The launch already happened. On May 19, Google announced Gemini 3.5 Flash at I/O 2026 alongside Antigravity 2.0, its multi-agent orchestration platform replacing Gemini CLI. Those stories are covered. What wasn’t settled on day one was whether the benchmark numbers hold up when someone other than Google runs them.
One number now has independent support. Artificial Analysis, a third-party model evaluation service, assigned Gemini 3.5 Flash a GDPval-AA Elo score of 1656, ranking it #1 among the models it’s evaluated on that benchmark. GDPval-AA measures agentic task performance, planning, tool-use, and multi-turn execution, making it more relevant for coding agent workflows than general reasoning benchmarks. That ranking matters for teams choosing a platform, but it comes with a hard ceiling: it’s one benchmark from one evaluator. Epoch AI has not yet published an evaluation.
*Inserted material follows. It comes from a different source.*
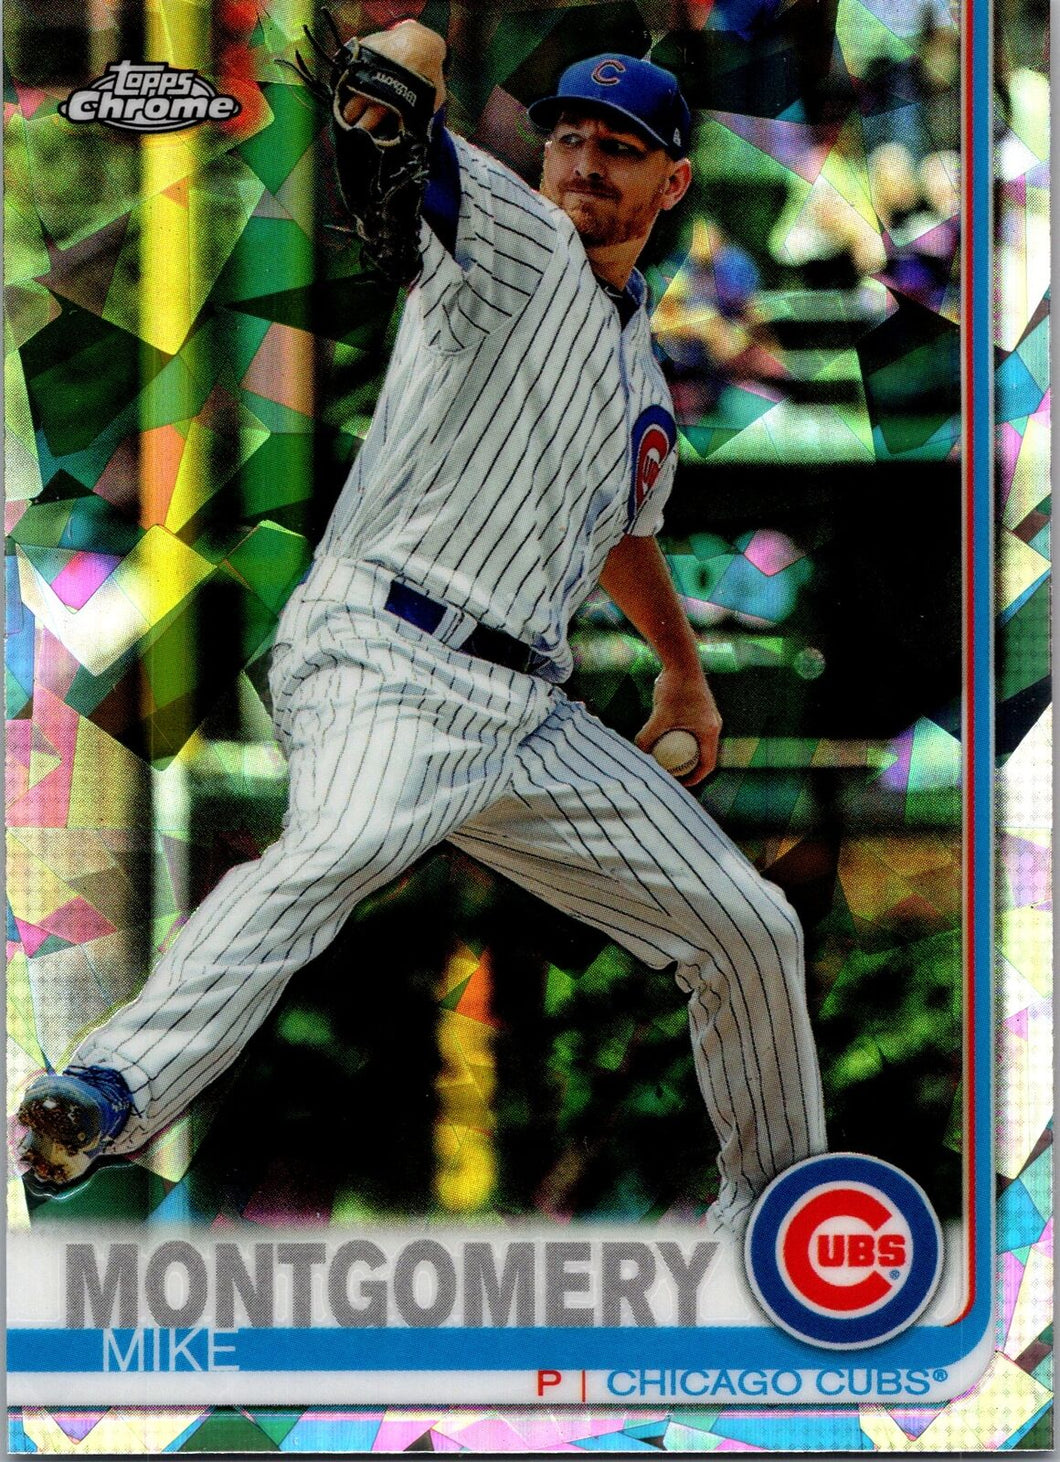 2019 Topps Chrome Sapphire Mike Montgomery #502 Chicago Cubs

The speed claims are still Google’s alone. According to Google’s own published benchmarks, Gemini 3.5 Flash runs 4x faster than other frontier models at baseline and up to 12x faster when served inside the Antigravity environment. No independent lab has reproduced those ratios as of publication. They may be accurate, speed advantages at this scale are plausible, but until a third party runs the same test, they’re a vendor claim, not a fact.
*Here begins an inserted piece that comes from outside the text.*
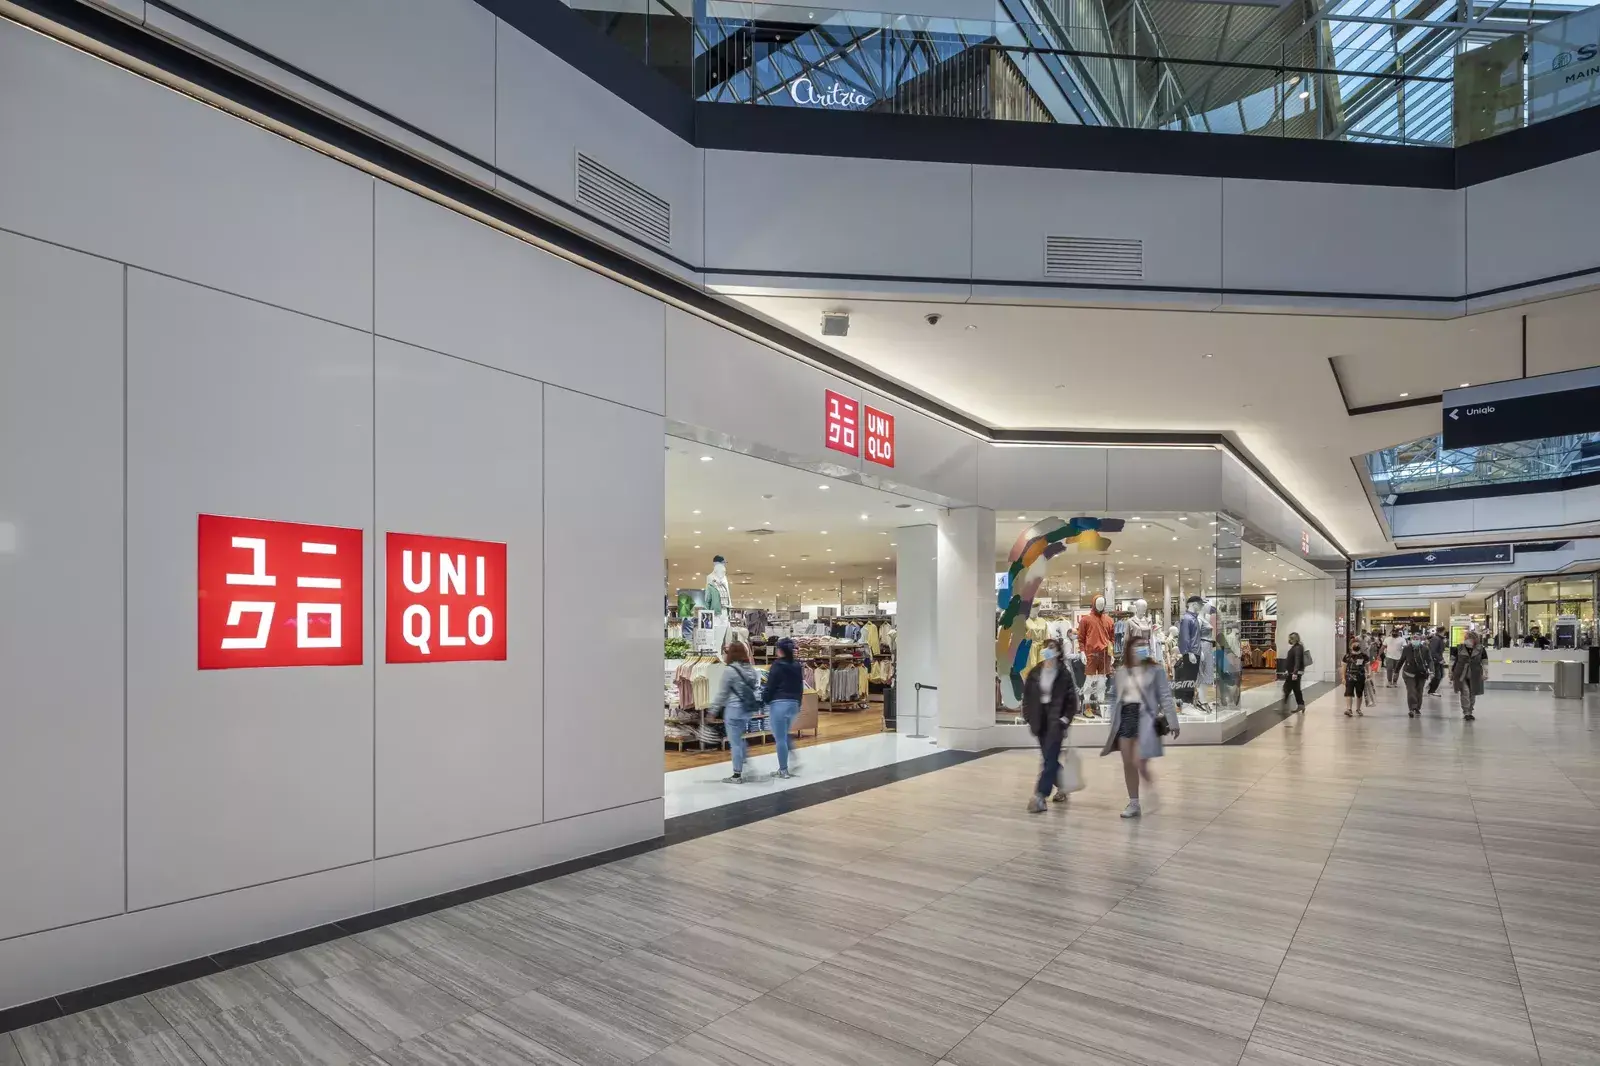 UNIQLO is opening its second Quebec store at Carrefour Laval

The Antigravity integration is where speed numbers get complicated. Per Google’s API documentation, Managed Agents within Antigravity provide a hosted Linux sandbox in Google Cloud for code execution and web browsing. The 12x figure applies inside that environment, not at the raw API layer. Teams building outside Antigravity should expect the 4x baseline claim, not 12x, and even that figure needs independent verification.
Disputed Claim
Don’t expect the pricing picture to be fully clear yet. Pricing has been reported at $1.50 per million input tokens and $9.00 per million output tokens per community sources, but official pricing page confirmation is pending. The free tier inside Antigravity is confirmed as a developer acquisition move, though the strategic framing, that it targets users of paid tools like OpenAI Codex, comes from community interpretation, not a Google statement.
The context window is large: 1.0 million input tokens with 66,000 output tokens, per vendor specifications. At that scale, per-token pricing matters more than it does for short-context tasks.
The part nobody mentions is what Epoch AI’s silence means right now. The GDPval-AA score gives the community one anchor. But GDPval-AA measures agentic task success, not inference cost, latency distribution, or performance under production load. Those are the variables that break models in real deployments. Until an evaluator runs Gemini 3.5 Flash at production throughput, not benchmark batch conditions, the speed claims are directional, not operational.
What to Watch
See the May 19 launch brief for full launch context and the Antigravity platform migration details.
TJS synthesis:
The GDPval-AA Elo ranking is the only independently sourced performance data point available for Gemini 3.5 Flash right now. Weight it accordingly, it’s relevant, it’s from a credible evaluator, and it’s also a single benchmark. Wait for Epoch AI evaluation and production throughput data before making platform migration decisions. The free Antigravity tier is worth testing. The vendor speed claims are not worth building around yet.